Flora Pollack was born in Baltimore on September 5, 1865, a daughter
of Uriah Pollack. She was a medalist at the Woman’s Medical College (WMC) where
she graduated in 1891. She became an intern at Blockley Hospital from 1891 to 1892.
Dr. Pollack studied at Johns Hopkins under Dr. William Osler.
In 1893, she and
several of her fellow WMC alumnae were in charge of creating a tablet for the
World’s Fair, to be placed in the Maryland Building (now located at the zoo in
Baltimore). She was active in the alumnae association for the school for many
years. In 1894, she became a member of the Medical & Chirurgical Faculty of
Maryland.
Dr. Pollack spent time in Europe studying medicine in Germany
and in 1895, an announcement appeared in the Baltimore Sun saying that she had
returned to Baltimore and established an office at 1112 Eutaw Street, which was
also her home.
Over the years, she lectured on embryology, obstetrics, and
physical diagnosis at the Women’s Medical College. She was an attending
physician at the Evening Dispensary for Working Women in South Baltimore, and a
visiting physician at the Home for Mothers and Infants, and the Female House of
Refuge. She was also a resident staff physician and an assistant in gynecology
at Johns Hopkins beginning in 1900. For several years served as president of
the Daughters in Israel, a working girls' home.
If the accounts of the day in the Baltimore Sun are any
indication, there are more than 200, Dr. Pollack was active in many aspects of the
community, including lecturing on a wide range of topics, mostly health-related;
serving on committees, especially ones having to do with the labor conditions
and Jewish-related causes; writing letters to the editor; contributing to
articles; buying art at a local exhibitions; and much more. A long account of
her witnessing her father’s suicide is written up in the paper as a prelude to
his obituary.
Dr. Pollack was also a suffragette and was active in rallying
and speaking for women’s voting rights. An article in Sun stated that “practically
all our women physicians are suffragists. Among these are Dr. Florence Sakin,
Dr. Mary Sherwood, Dr. Lillian Welch, Dr. Flora Pollack, Dr. Elizabeth Hardon,
Dr. N.V. Mark, Dr. Anna Abercrombie and Dr. Henrietta Thomas.

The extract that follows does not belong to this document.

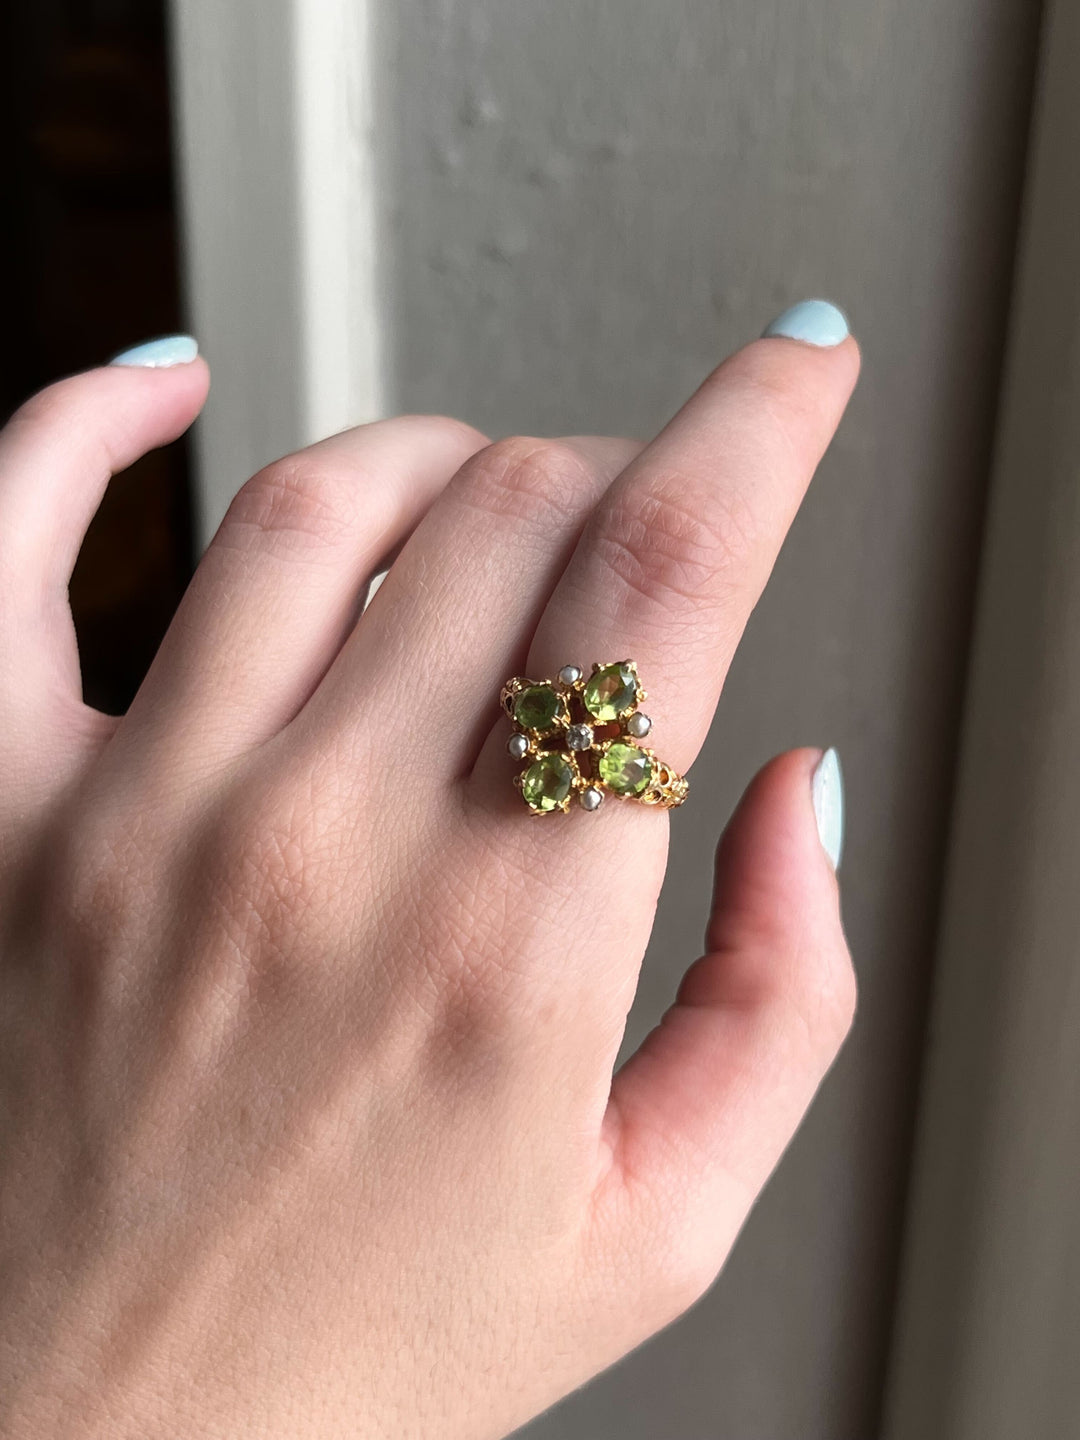 Stunning Vintage 9k Peridot and Pearl Maltese Cross Ring with Diamond Center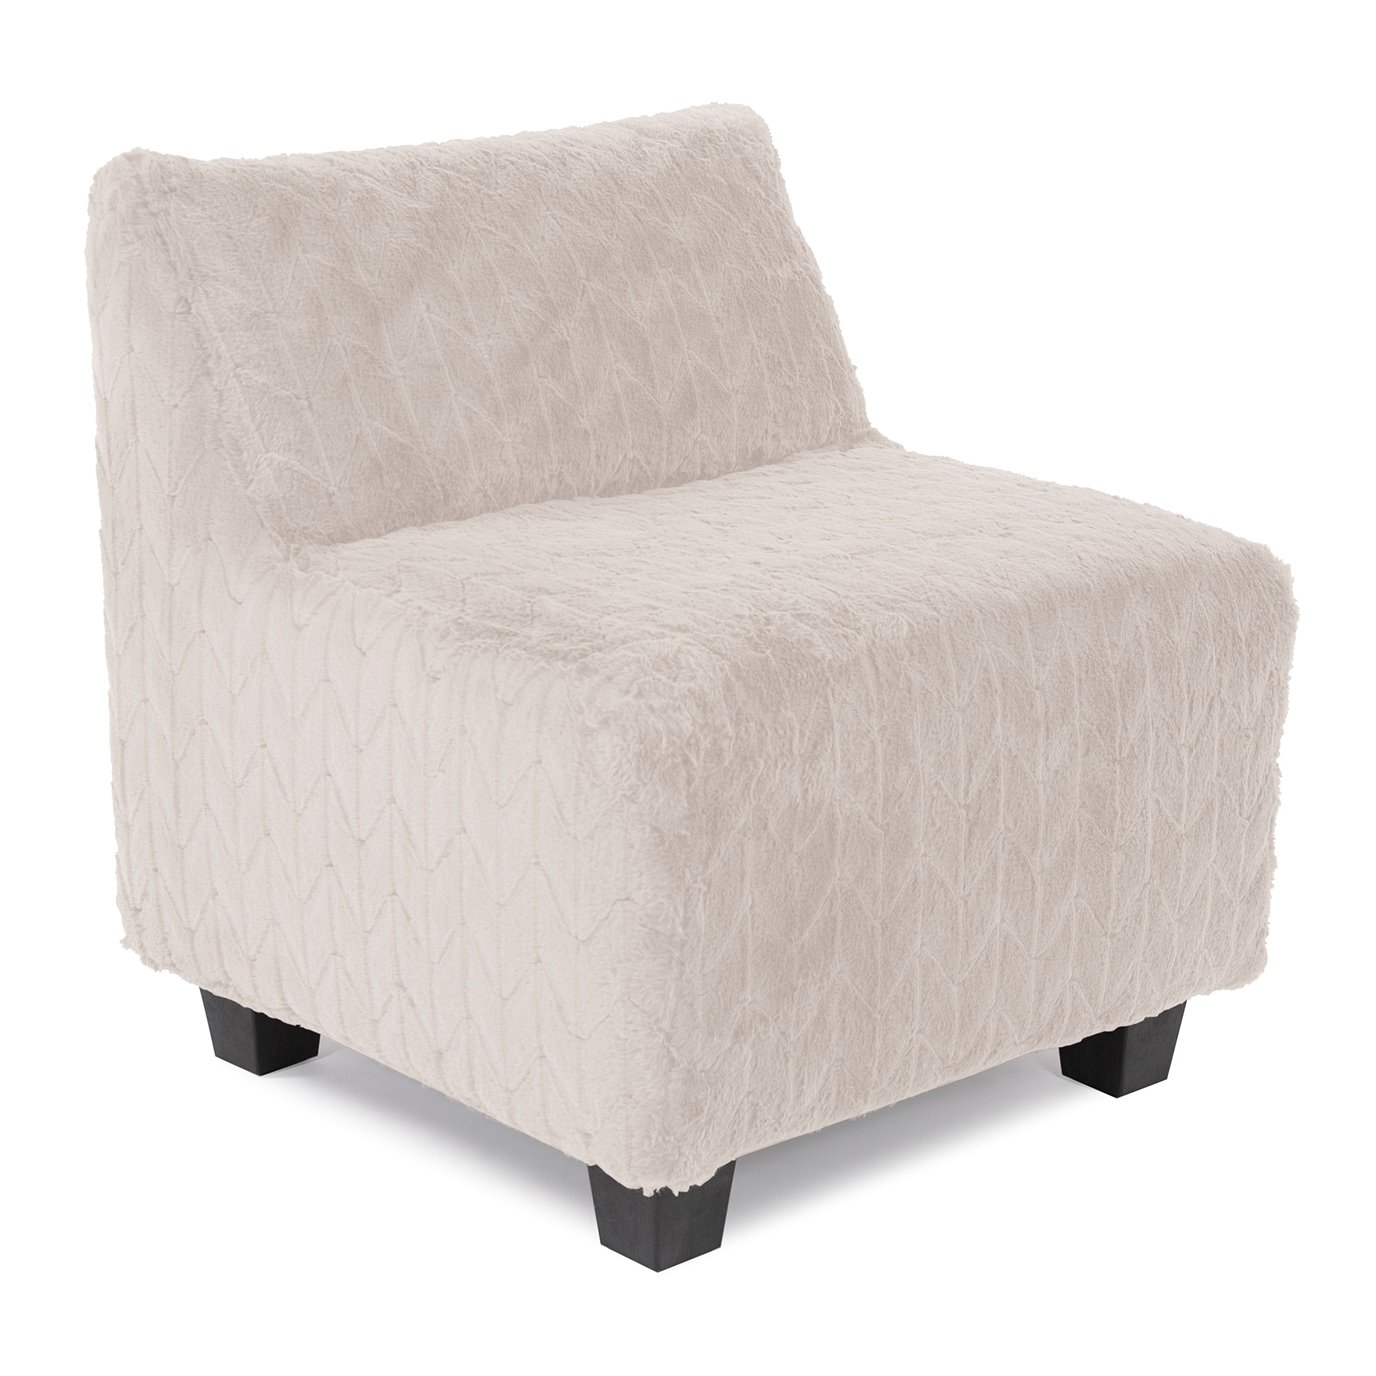 Howard Elliott Pod Chair Cover Faux Fur Angora Natural - Cover Only, Chair Base Not Included

Dr. Pollack lived and practiced medicine at her home on Eutaw
Street in Bolton Hill, but she also had a two-story house with a three-car
garage on the Chesapeake Bay in Anne Arundel County with a water-frontage of
more than 100 feet.
Dr. Flora Pollack died in Baltimore at her home on May 27,
1938. She is survived by a sister, Mrs. Jeannette Masbach of Stevenson. Burial
will be in Baltimore Hebrew Cemetery. Another sister, Dr. Ida Pollack
Bernstein, also a graduate of WMC, died in 1928. She was one of the first group
of physicians to take the license to practice medicine examination in Maryland.